Although its behavior has fluctuated over time, Rustock has been reported to be among the world’s largest spambots, at times capable of sending 30 billion spam e-mails per day. DCU researchers watched a single Rustock-infected computer send 7,500 spam emails in just 45 minutes – a rate of 240,000 spam mails per day. Moreover, much of the spam observed coming from Rustock posed a danger to public health, advertising counterfeit or unapproved knock-off versions of pharmaceuticals.
As mentioned previously, because Rustock propagated a market for these fake drugs, drug-maker Pfizer served as a declarant in this case. Pfizer’s declaration provides evidence that the kind of drugs advertised through this kind of spam can often contain wrong active ingredients, incorrect dosages or worse, due to the unsafe conditions fake pharmaceuticals are often produced in. Fake drugs are often contaminated with substances including pesticides, lead-based highway paint and floor wax, just to name a few examples.
Spam is annoying and it can advertise potentially dangerous or illegal products. It is also significant as a symptom of greater threats to Internet health. Although Rustock’s primary use appears to have been to send spam, it’s important to note that a large botnet can be used for almost any cybercrime a bot-herder can dream up. Botnets are powerful and, with a simple command, can be switched from a spambot to a password thief or DDOS attacker.
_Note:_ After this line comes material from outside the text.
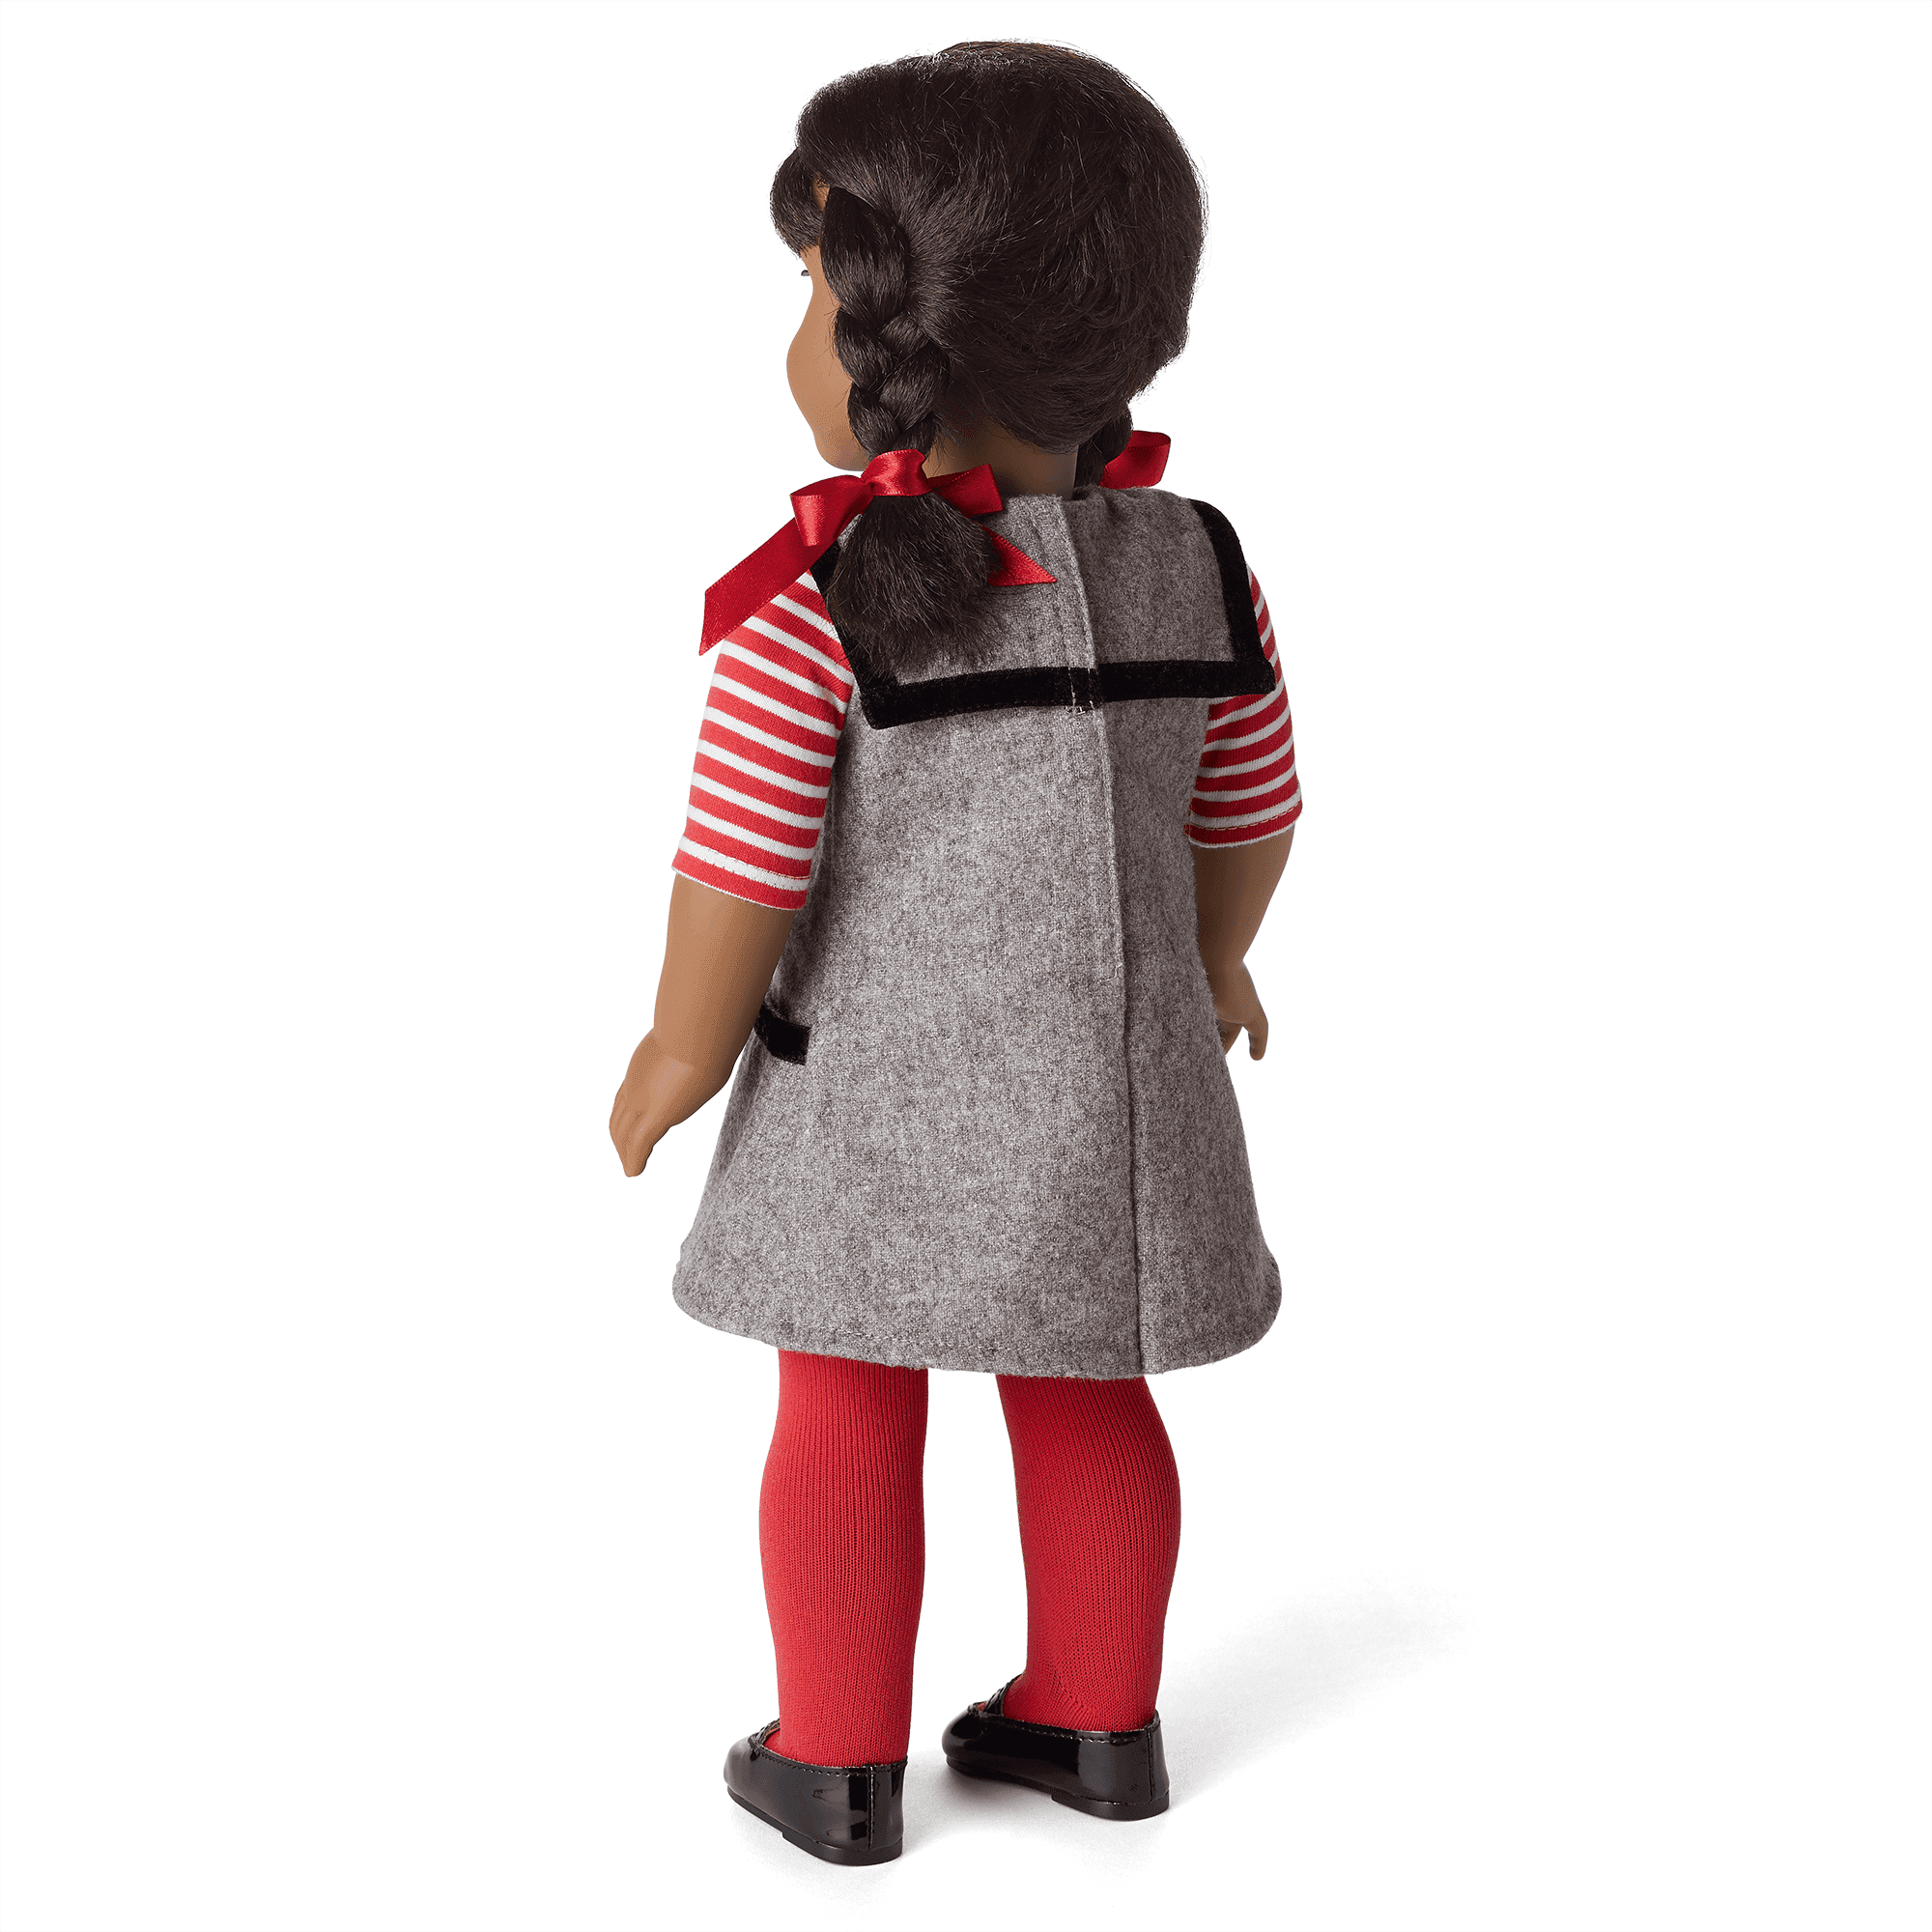 Melody’s™ School Outfit for 18-inch Dolls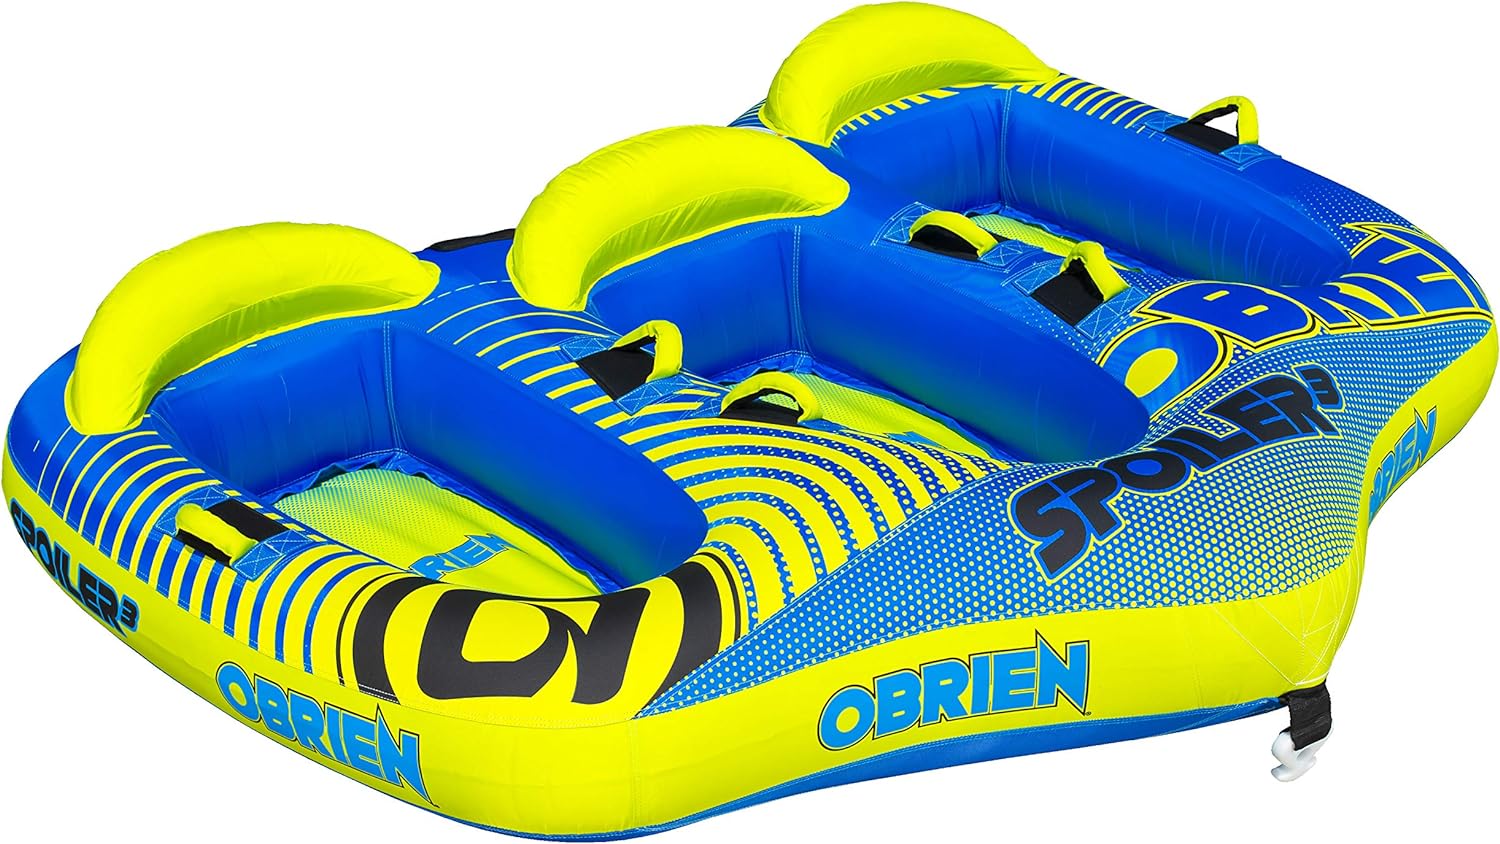 OBrien Spoiler 3 Person Inflatable Towable Tube, Yellow

Again, DCU’s research shows there may be close to 1 million computers infected with Rustock malware, all under the control of the person or people operating the network like a remote army, usually without the computer’s owner even aware that his computer has been hijacked. Bot-herders infect computers with malware in a number of ways, such as when a computer owner visits a website booby-trapped with malware and clicks on a malicious advertisement or opens an infected e-mail attachment. Bot-herders do this so discretely that owners often never suspect their PC is living a double life.
It’s like a gang setting up a drug den in someone’s home while they’re on vacation and coming back to do so every time the owner leaves the house, without the owner ever knowing anything is happening. Home owners can better protect themselves with good locks on their doors and security systems for their homes. Similarly, computer owners can be better protected from malware if they run up-to-date software – including up-to-date antivirus and antimalware software – on their computers.
Finally, we encourage every computer owner to make sure their machine isn’t doing a criminal’s dirty work. If you believe your computer may be infected by Rustock or other type of malware, we encourage you to visit support.microsoft.com/botnets for free information and resources to clean your computer.
With your help, and the continued public and private cooperation of industry, academia and law enforcement such as Operation b107, we can stop criminals from using botnets to wreak havoc on the Internet.